I also managed to get Alex Segura’s Poe Dameron: Free Fall this week; and this is actually a Star Wars novel I will read rather than just place on the shelf and let collect dust (I read the novelization of the first film, obviously, many years ago, ghostwritten by Alan Dean Foster and credited to George Lucas, and enjoyed it very much. I also enjoyed Alan Dean Foster’s Splinter of the Mind’s Eye, which was written and published between Star Wars–the first film will always be Star Wars to me, and I am ready to die on that hill–and The Empire Strikes Back; when the second film was released all of its revelations and surprises immediately made the book wrong and irrelevant and reduced it to simple fan fiction.

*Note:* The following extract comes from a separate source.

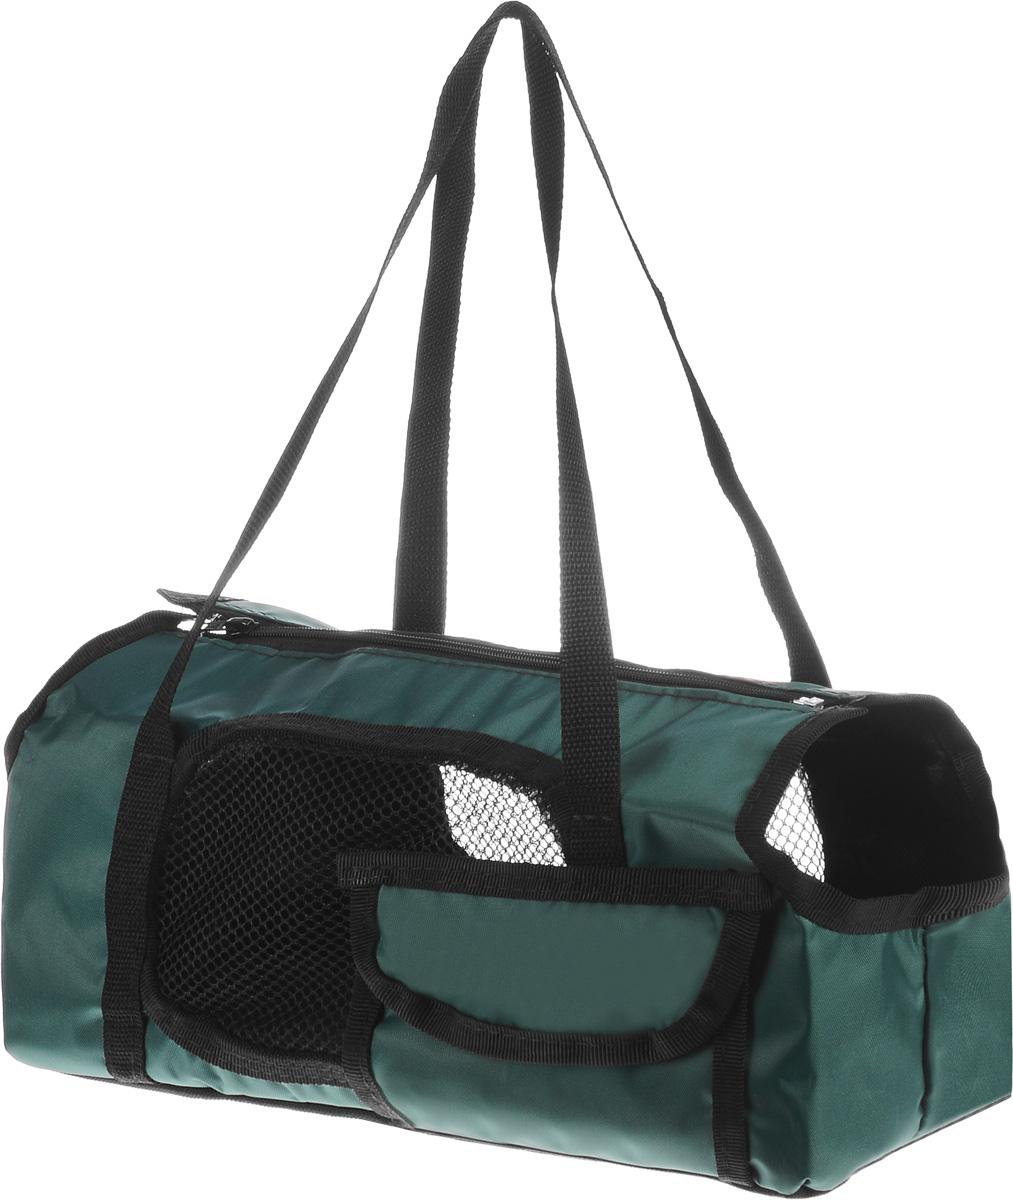 Сумка-переноска для животных Elite Valley  Батискаф , с отверстием для головы, цвет: темно-зеленый, черный, 37 х 14 х 16 см - Переноски, товары для транспортировки

I vowed then I would never read another Star Wars novel, other than novelizations of the films, because I couldn’t trust George Lucas to release a film that fucked with the books–and sure enough, the release of The Force Awakens wiped that universe clean and all the novels released since 1983 became non-canon–which made me glad to have not read them. But…the release of The Force Awakens also made remember my fanboy self, and I did start buying up the books again–especially the ones that were well-regarded, like the Thrawn trilogy. And yet I’ve never gotten around to reading any of them…but I will most definitely read Alex Segura’s because I know he’s an amazing writer).

And on that note, tis off to the spice mines with me. Have a lovely Friday, Constant Reader, and will check in with you again on the morrow.